How do I add memoization to this recursive approach?

Question

I was attempting to solve the coin change problem (https://leetcode.com/problems/coin-change) and have come up with the following recursive approach:

class Solution {
    public int coinChange(int[] coins, int amount) {
        int[] min = new int[1];
        min[0] = Integer.MAX_VALUE;
        recur(coins,amount,min,0);
        min[0] = min[0]==Integer.MAX_VALUE?-1:min[0];
        return min[0];
    }
    private void recur(int[] coins,int amount,int[] min,int coinsUsed){
        if(amount==0){
            min[0] = Math.min(min[0],coinsUsed);
            return;
        }
        if(amount<0){
            return;
        }
        for(int i=0;i<coins.length;++i){
            recur(coins,amount-coins[i],min,coinsUsed+1);
        }
    }
}

Currently the time complexity would be O((coins.length)^n). How can I add memoization to improve this?

Answer 1

Usually top-down with memoization gets a bit complicated. A simple way is to use a 2-d array and solve the problem bottom up. Suppose you have n denominations (index from 1 to n) and the sum is S. Let T[n][S] be the minimal number of coins you need to add up to S and v[n] the value of coin n.

You have two choices either you use coin n or you don't. If you don't then T[n][S]=T[n-1][S]. If you do then T[n][S]=1+T[n][S-v[n]] since you don't know which is better then

T[n][S]=min (T[n-1][S],1+T[n][S-v[n]]). This is true for all n therefore we get the recursive formula.

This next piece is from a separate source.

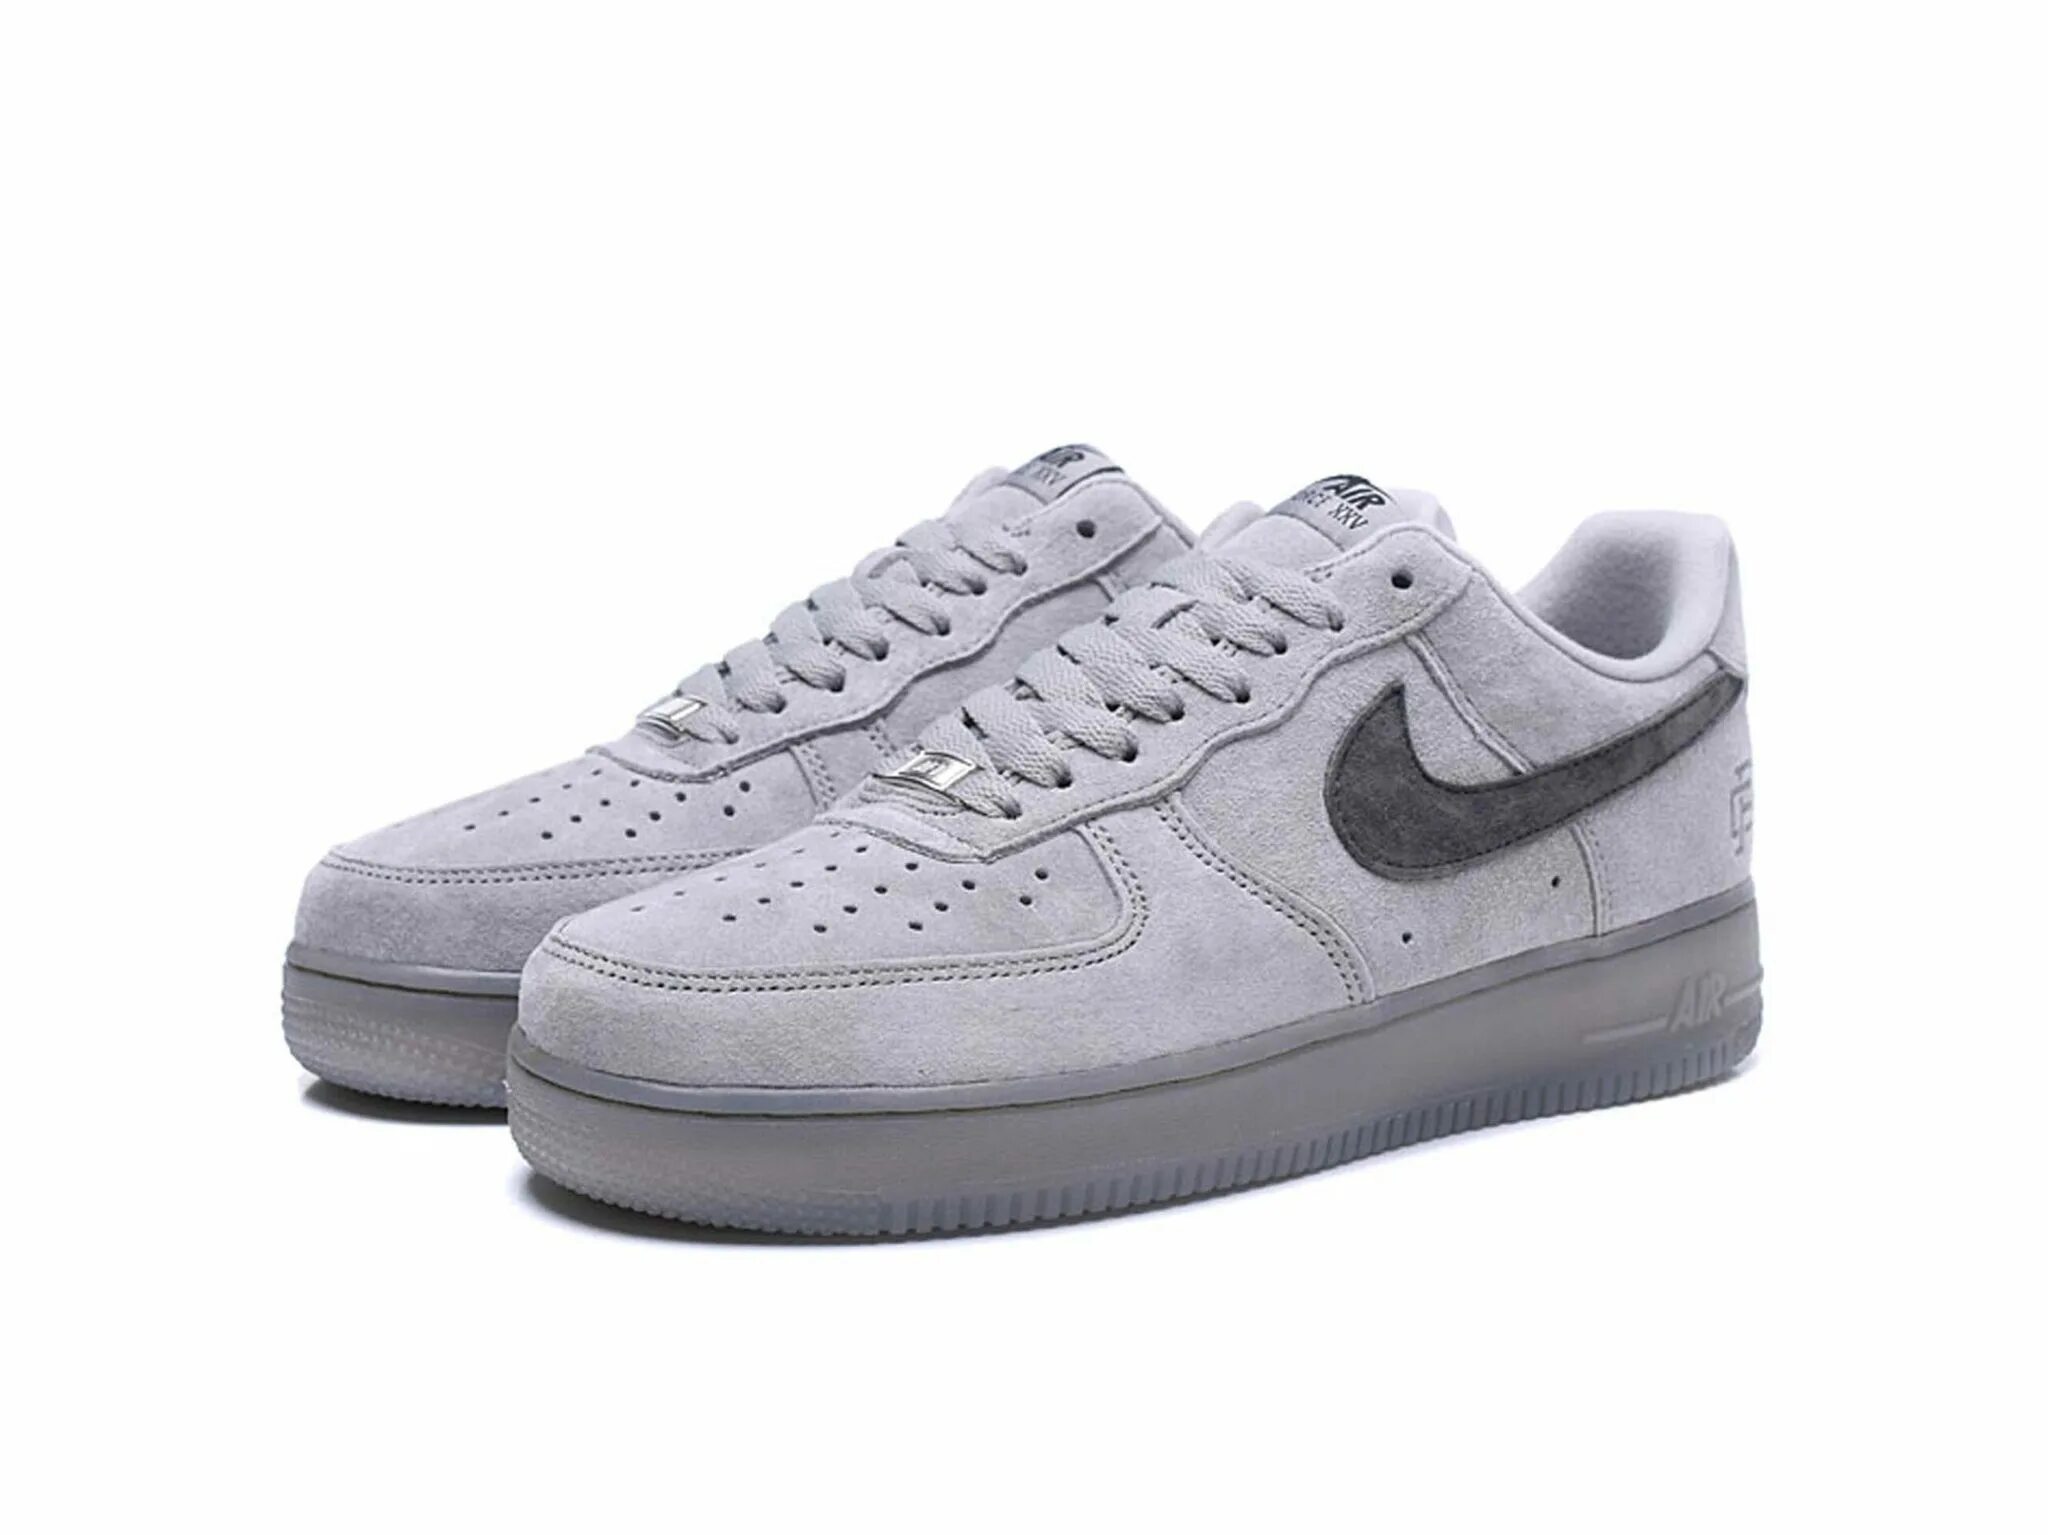 Nike Air Force 1 Low Grey x reigning Champ. Nike Air Force 1 Low Grey. Nike Air Force 1 Low reigning Champ. Nike Air Force 1 Low reigning Champ Grey. Кроссовки найк air force

T[i][s]=min(T[i-1][s],1+T[i][s-v[i]])

Now for the boundary conditions

1. If i=1 then T[1][s]=s for all 0<= s <= S
2. T[i][0]=0 for 1<= i<= n

int x,y;
int T[n+1][S+1];
//initialization
for(y=0;y<=S;y++)
   T[1][y]=y;
for(x=0;x<=n;x++)
   T[x][0]=0;
//solution
for(x=2;x<=n;x++){
   for(y=0;y<=S;y++){
       if (v[x]>= y )
           T[x][y]=min(T[x-1][y],1+T[x][y-v[x]];
       else
             T[x][y]=T[x-1][y];
    }
}